⟨

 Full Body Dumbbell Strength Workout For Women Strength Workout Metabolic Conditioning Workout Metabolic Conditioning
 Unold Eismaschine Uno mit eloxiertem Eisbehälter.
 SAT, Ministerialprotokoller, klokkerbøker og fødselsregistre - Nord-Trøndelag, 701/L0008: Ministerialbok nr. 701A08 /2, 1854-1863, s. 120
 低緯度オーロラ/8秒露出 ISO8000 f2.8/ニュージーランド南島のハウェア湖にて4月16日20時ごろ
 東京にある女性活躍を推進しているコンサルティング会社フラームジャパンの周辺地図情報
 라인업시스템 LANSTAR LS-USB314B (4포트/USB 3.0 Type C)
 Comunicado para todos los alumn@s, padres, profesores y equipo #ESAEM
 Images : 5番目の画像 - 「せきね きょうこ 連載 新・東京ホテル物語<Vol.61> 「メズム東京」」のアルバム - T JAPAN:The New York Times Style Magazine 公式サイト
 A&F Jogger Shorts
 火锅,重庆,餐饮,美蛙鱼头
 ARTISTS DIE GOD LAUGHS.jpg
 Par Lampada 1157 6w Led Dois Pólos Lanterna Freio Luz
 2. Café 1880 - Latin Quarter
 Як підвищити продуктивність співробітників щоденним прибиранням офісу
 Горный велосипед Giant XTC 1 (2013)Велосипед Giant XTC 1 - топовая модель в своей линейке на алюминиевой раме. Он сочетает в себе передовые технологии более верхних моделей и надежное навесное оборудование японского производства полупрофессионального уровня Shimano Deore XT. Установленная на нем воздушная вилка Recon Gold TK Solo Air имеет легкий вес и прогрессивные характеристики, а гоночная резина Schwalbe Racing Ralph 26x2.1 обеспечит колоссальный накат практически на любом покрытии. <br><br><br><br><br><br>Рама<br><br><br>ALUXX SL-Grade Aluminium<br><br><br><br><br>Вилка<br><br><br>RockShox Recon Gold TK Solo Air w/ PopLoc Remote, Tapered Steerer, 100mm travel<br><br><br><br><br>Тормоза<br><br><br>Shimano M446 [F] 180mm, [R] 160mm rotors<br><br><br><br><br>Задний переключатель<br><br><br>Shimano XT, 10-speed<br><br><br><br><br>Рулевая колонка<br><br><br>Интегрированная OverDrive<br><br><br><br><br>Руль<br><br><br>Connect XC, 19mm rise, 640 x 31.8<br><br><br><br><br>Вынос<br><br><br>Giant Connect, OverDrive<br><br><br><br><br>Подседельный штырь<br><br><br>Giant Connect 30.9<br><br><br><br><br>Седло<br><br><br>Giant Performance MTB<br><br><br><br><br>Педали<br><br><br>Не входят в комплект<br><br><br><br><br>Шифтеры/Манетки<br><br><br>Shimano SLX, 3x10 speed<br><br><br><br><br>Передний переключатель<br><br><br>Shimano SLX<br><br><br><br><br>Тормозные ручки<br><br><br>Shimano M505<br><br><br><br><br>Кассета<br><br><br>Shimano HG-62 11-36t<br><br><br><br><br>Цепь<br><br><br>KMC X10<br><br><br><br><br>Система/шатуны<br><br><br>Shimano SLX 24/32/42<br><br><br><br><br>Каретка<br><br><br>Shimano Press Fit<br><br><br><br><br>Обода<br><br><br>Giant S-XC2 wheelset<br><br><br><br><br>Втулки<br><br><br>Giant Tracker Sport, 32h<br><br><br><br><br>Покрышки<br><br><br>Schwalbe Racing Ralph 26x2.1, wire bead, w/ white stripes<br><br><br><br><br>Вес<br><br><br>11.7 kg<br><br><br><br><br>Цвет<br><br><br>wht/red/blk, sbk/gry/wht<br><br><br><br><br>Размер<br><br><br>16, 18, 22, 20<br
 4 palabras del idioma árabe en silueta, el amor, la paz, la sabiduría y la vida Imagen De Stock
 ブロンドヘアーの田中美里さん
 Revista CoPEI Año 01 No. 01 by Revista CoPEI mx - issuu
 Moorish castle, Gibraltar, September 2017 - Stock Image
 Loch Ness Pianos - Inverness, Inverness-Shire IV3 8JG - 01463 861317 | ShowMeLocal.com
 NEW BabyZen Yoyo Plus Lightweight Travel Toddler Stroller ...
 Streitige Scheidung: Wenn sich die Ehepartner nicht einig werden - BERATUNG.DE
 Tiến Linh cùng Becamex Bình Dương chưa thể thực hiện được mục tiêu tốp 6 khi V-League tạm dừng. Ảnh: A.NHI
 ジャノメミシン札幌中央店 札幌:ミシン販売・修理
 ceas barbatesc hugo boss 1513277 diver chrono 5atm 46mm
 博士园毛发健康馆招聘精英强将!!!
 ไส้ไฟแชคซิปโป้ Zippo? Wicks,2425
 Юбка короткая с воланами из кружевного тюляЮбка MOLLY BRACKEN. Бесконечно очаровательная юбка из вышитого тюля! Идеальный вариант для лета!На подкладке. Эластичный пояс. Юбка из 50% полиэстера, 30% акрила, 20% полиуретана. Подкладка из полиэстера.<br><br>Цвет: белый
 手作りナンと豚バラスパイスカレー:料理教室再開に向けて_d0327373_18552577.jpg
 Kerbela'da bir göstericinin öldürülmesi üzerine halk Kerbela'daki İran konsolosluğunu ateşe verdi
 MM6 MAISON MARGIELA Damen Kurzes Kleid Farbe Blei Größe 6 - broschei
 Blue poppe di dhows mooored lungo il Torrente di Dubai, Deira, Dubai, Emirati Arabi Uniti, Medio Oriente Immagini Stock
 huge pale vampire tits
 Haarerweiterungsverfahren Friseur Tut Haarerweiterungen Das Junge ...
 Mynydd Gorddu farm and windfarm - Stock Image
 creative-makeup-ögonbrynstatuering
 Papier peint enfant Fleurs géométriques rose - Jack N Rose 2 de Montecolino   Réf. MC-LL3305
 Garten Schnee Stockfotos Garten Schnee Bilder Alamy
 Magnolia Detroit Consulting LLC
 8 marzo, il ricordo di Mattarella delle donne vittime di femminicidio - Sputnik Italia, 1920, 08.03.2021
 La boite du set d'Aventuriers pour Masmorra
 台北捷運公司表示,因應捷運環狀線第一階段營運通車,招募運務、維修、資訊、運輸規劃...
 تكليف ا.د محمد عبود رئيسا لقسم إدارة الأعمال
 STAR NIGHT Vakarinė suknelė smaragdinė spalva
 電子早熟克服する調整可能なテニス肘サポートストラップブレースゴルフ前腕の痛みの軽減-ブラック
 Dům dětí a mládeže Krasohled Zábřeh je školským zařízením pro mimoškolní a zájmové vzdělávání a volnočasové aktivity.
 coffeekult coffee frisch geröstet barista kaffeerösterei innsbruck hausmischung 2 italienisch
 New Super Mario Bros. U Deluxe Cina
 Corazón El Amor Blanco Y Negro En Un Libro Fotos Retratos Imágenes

⟩

Aim of the task –
Quote the listing above from its first line to the line with "Comunicado para todos", inclusive, and add nothing.

Your solution –
 Full Body Dumbbell Strength Workout For Women Strength Workout Metabolic Conditioning Workout Metabolic Conditioning
 Unold Eismaschine Uno mit eloxiertem Eisbehälter.
 SAT, Ministerialprotokoller, klokkerbøker og fødselsregistre - Nord-Trøndelag, 701/L0008: Ministerialbok nr. 701A08 /2, 1854-1863, s. 120
 低緯度オーロラ/8秒露出 ISO8000 f2.8/ニュージーランド南島のハウェア湖にて4月16日20時ごろ
 東京にある女性活躍を推進しているコンサルティング会社フラームジャパンの周辺地図情報
 라인업시스템 LANSTAR LS-USB314B (4포트/USB 3.0 Type C)
 Comunicado para todos los alumn@s, padres, profesores y equipo #ESAEM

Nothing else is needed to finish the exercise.